Most every significant change and most every infuriating development that has been foisted upon us over the past two decades can be directly linked to the endless pursuit of dollars. The powers-that-be that run the game may pretend to care about all of the things that you and I and so many other college football fans care about, but in the end, those powers-that-be have one single charge. That charge is to find creative new ways to make more money. Then find more creative new ways to make more money.
That's why we got the mess that was the BCS and why we're getting a playoff now. That's why teams are playing in conferences that they have no earthly business playing in and why Notre Dame has halfway sold their independent soul to, of all places, the ACC. That's why ever-more teams are wearing ever-more ridiculous uniforms, why grand old rivalries are being tossed aside like so much trash, why college football is inching ever closer to being precisely the thing that every true college football fan does not want it to be: The NFL.
Beano saw all of this. But Beano, unlike so many others, was actually willing to talk about it. He lived in reality, yes, and he knew the demands of the dollars must and will ultimately be met.

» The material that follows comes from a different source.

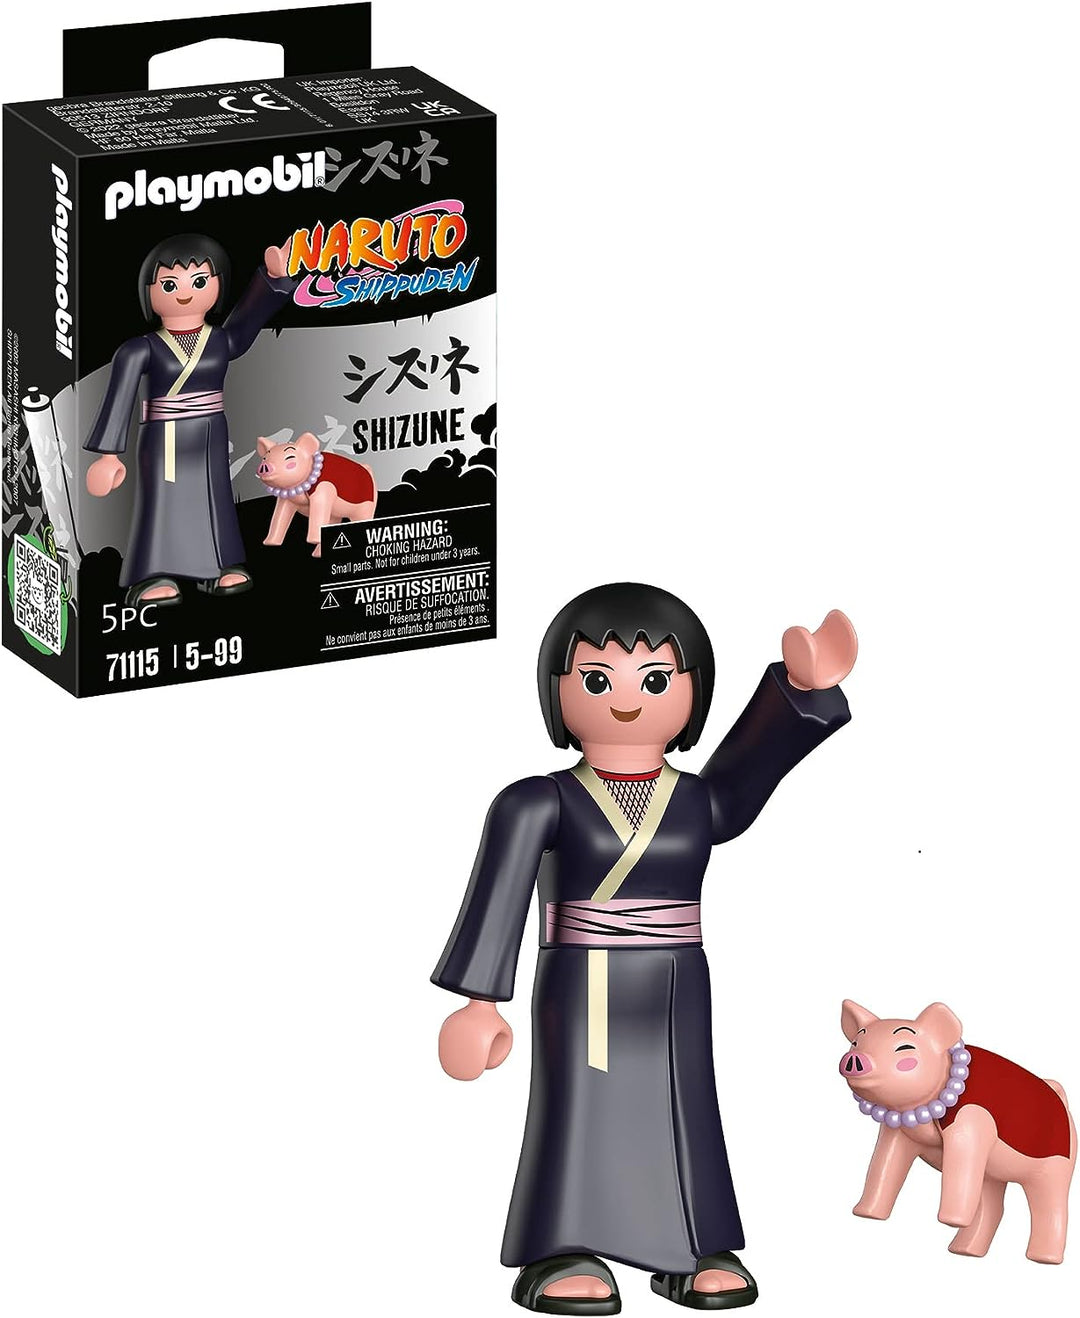 Playmobil 71115 Naruto: Shizune Figure Set, Naruto Shippuden Anime Collectors Figure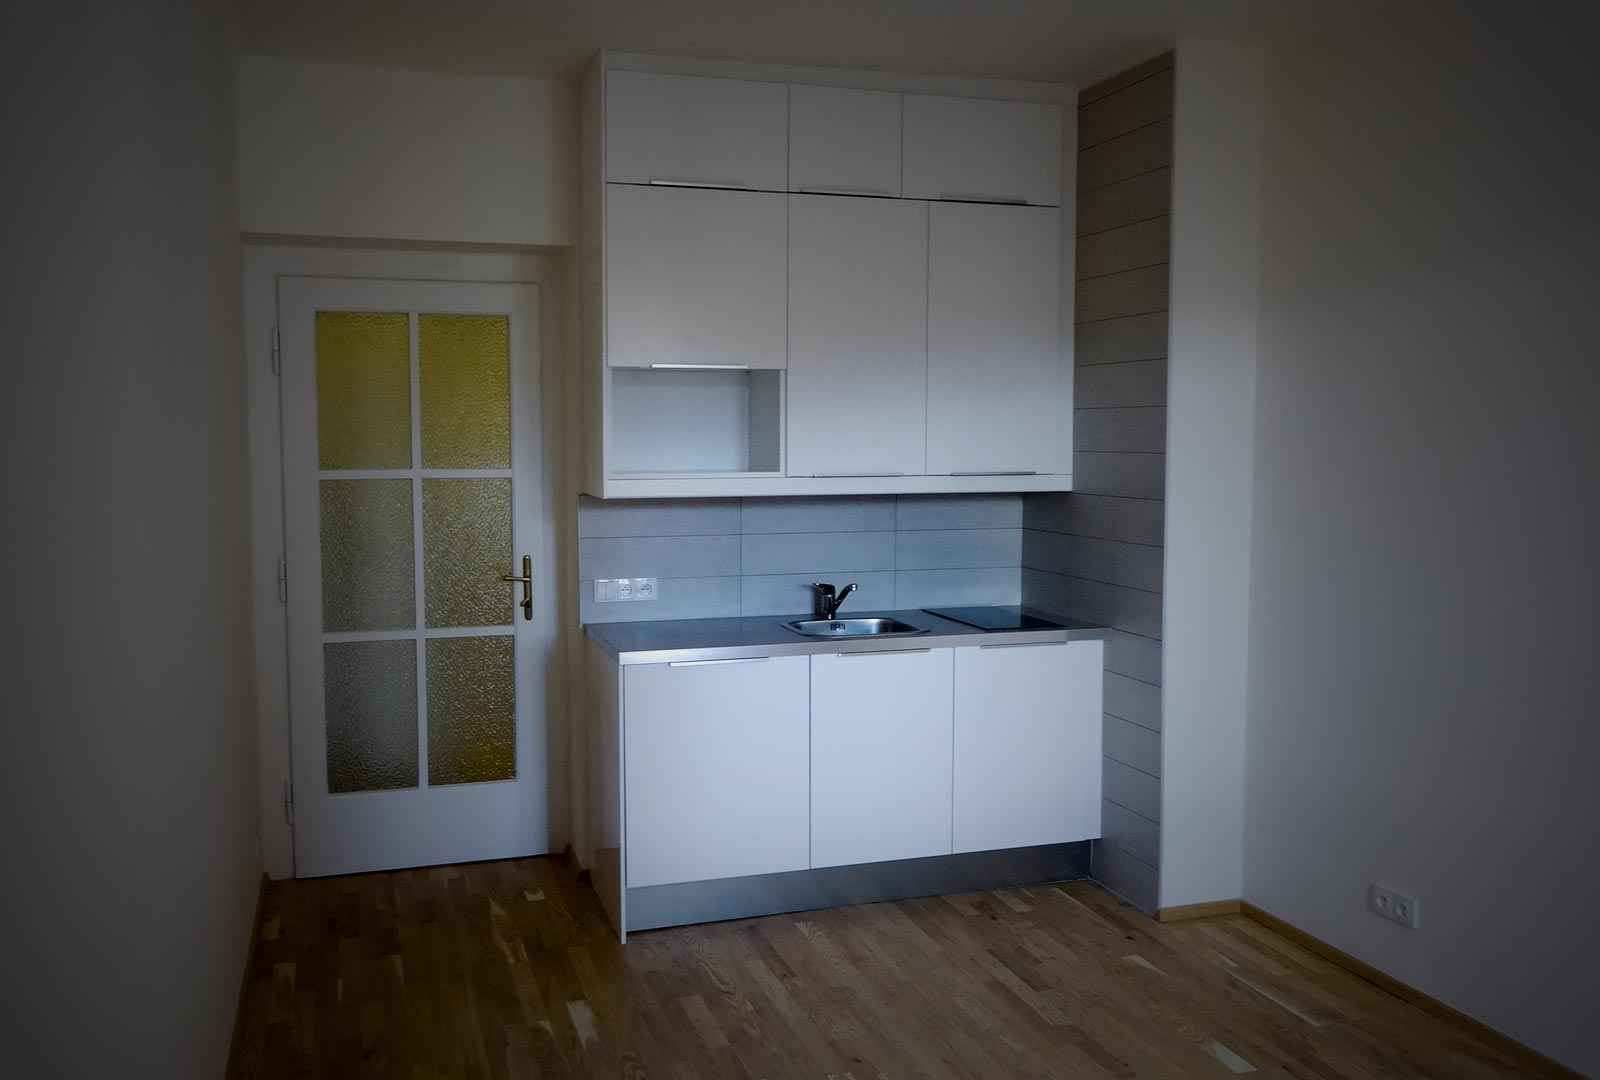 Kompletní rekonstrukce bytu | Interiéry - Exteriéry Ševčík & Knobloch

Yet his wisdom and his knowledge, voiced via that wonderful podcast and via any other outlet he could find, at least gave us all pause—at least made us stop and think about where we're headed, where this game is going, and what will happen will the bubble invariably bursts.
Yes, what Beano had was perspective. True perspective. Unmatched perspective.
He watched the game grow up. He saw how it evolved. He was witness to its meteoric rise in the television era, and witness, too, to its slow but steady march to both fortune and destruction.
He didn't have all the answers, but he had a lot of them.
And now that he's gone, I can't help but wonder where those answers will come from now, or if anyone can possibly step into that role that Beano fashioned for himself: Protector of the game, steward of the game, "cardinal of college football."
He was an unconventional great one, to be sure, and he could be an acerbic great one, as well. But he was a great one nonetheless.
College football gave much to Beano Cook, but he gave plenty in return.
We’ll never have another one like him. And that’s a shame for us all.